Thalassemia
Thalassemia, a group of hereditary hemolytic anemias, is characterized by defective synthesis in one or more of the polypeptide chains (alpha and beta) necessary for hemoglobin production. Structurally, the chains are normal, but the genetic defect decreases their number and can affect either the alpha or beta pair. Because thalassemia affects hemoglobin production, it also impairs red blood cell (RBC) synthesis. This disorder is most common in individuals of Mediterranean ancestry (especially Italians and Greeks), although it also occurs in Blacks and people from southern China, southeast Asia, and India.
Pediatric pointer
Hydrops fetalis, the most severe form of alpha-thalassemia, causes severe anemia and heart failure. The fetus becomes hydropic, leading to stillbirth or death shortly after birth. Prenatal testing can detect the condition.
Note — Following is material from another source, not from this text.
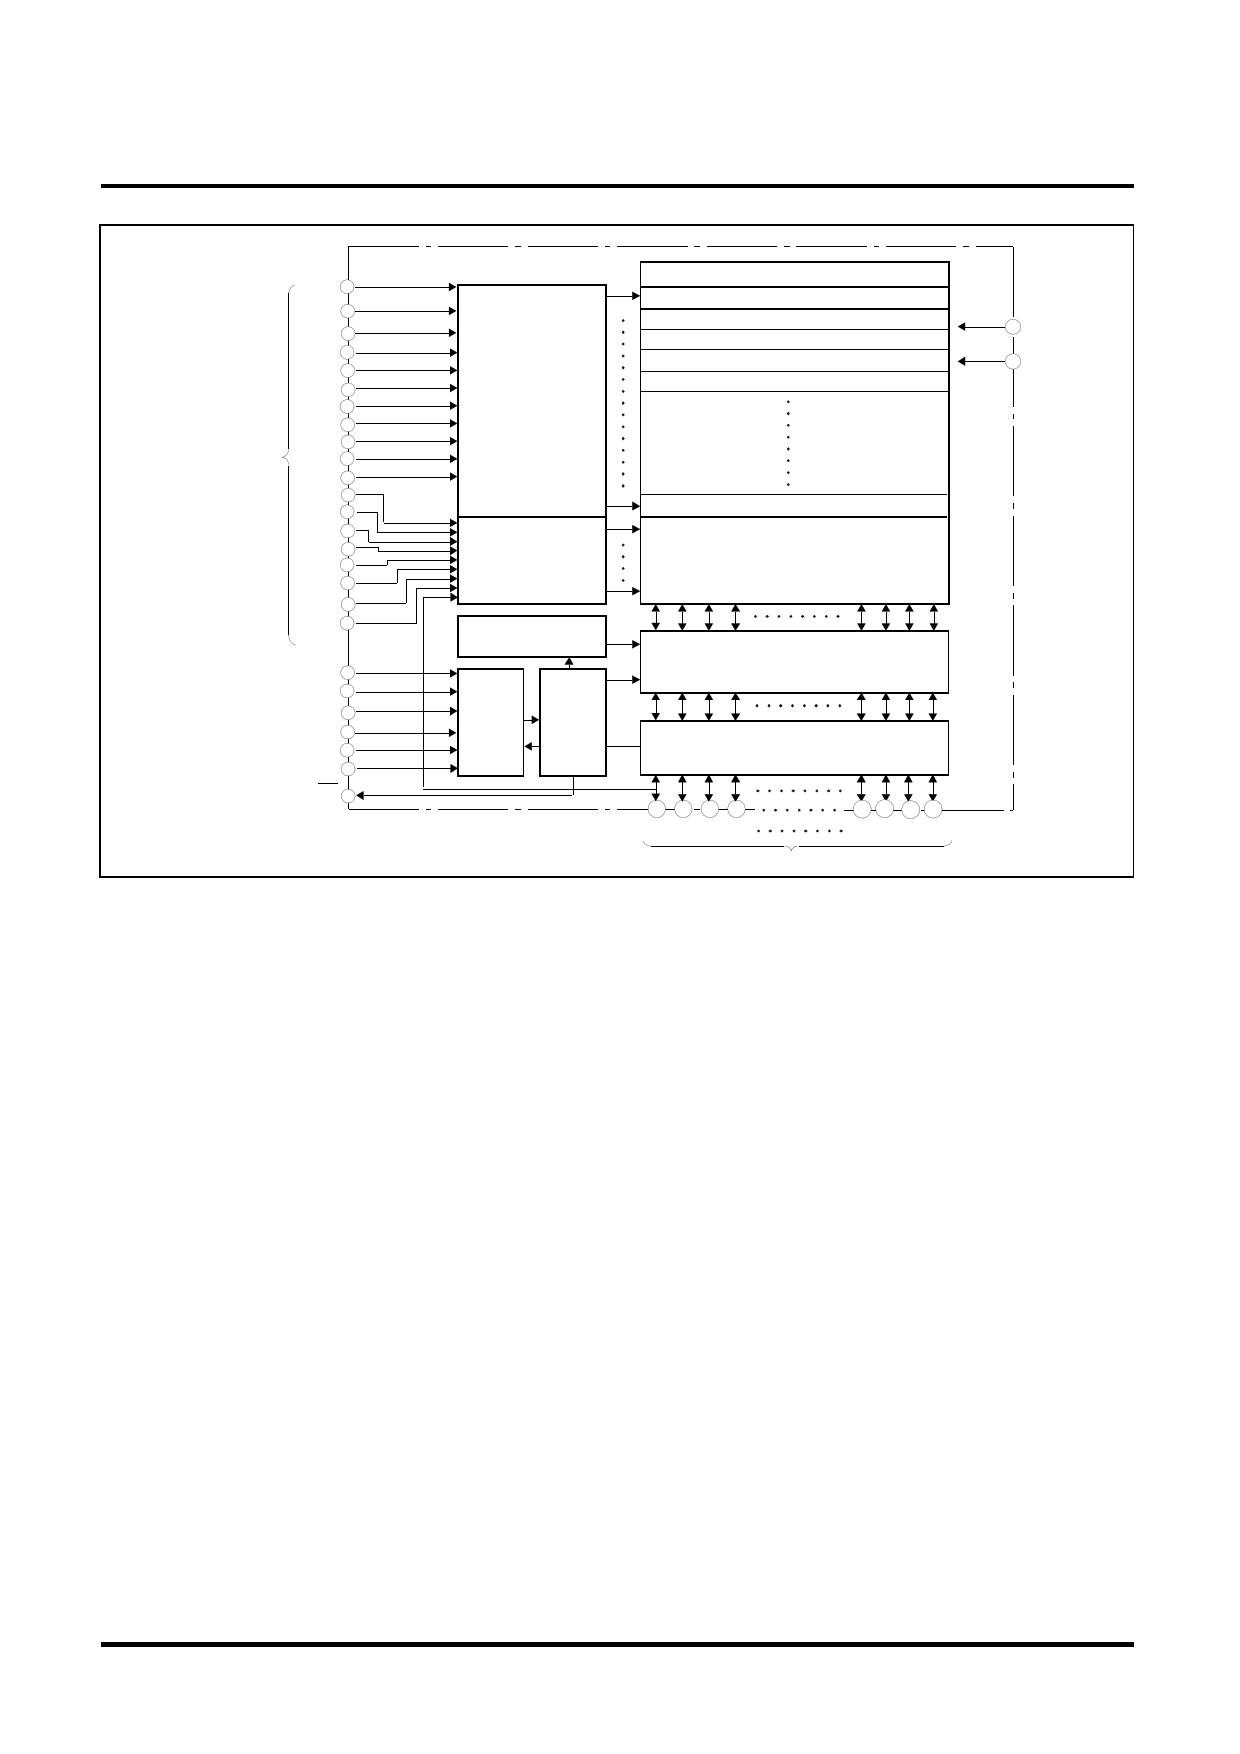 M5M29FT800VP-12 pdf, equivalent, schematic

Beta-thalassemia is the most common form of this disorder and occurs in three clinical forms: thalassemia major, intermedia, and minor. The severity of the resulting anemia depends on whether the patient is homozygous or heterozygous for the thalassemic trait. The prognosis for beta-thalassemia varies.
Pediatric pointer
Patients with thalassemia major seldom survive to adulthood; children with thalassemia intermedia develop normally to adulthood, although puberty is usually delayed; and patients with thalassemia minor can expect a normal life span.
Causes
Thalassemia major and intermedia result from homozygous inheritance of the partially dominant autosomal gene responsible for this trait. Thalassemia minor is caused by heterozygous inheritance of the same gene. Total or partial deficiency of beta polypeptide chain production impairs hemoglobin synthesis and results in continual production of fetal hemoglobin, even after the neonatal period has passed.
Complications
As children with thalassemia major grow older, they become prone to pathologic fractures. This occurs because the bone marrow cavities expand as the long bones thin. Other complications include cardiac arrhythmias, heart failure, and conditions resulting from iron deposits in the heart and other tissues caused by repeated blood transfusions.
Assessment
In thalassemia major (also known as Cooley’s anemia and erythroblastic anemia), the infant, well at birth, develops severe anemia, bone abnormalities, failure to thrive, and life-threatening complications. Often, the first signs are pallor and yellow skin and scleras in infants between ages 3 and 6 months. Later signs are severe anemia, splenomegaly or hepatomegaly with abdominal enlargement, frequent infections, bleeding tendencies, and anorexia.
Children with thalassemia major usually have small bodies and large heads and may also be mentally retarded. Infants may have mongoloid features because bone marrow hyperactivity thickens the bone at the base of the nose.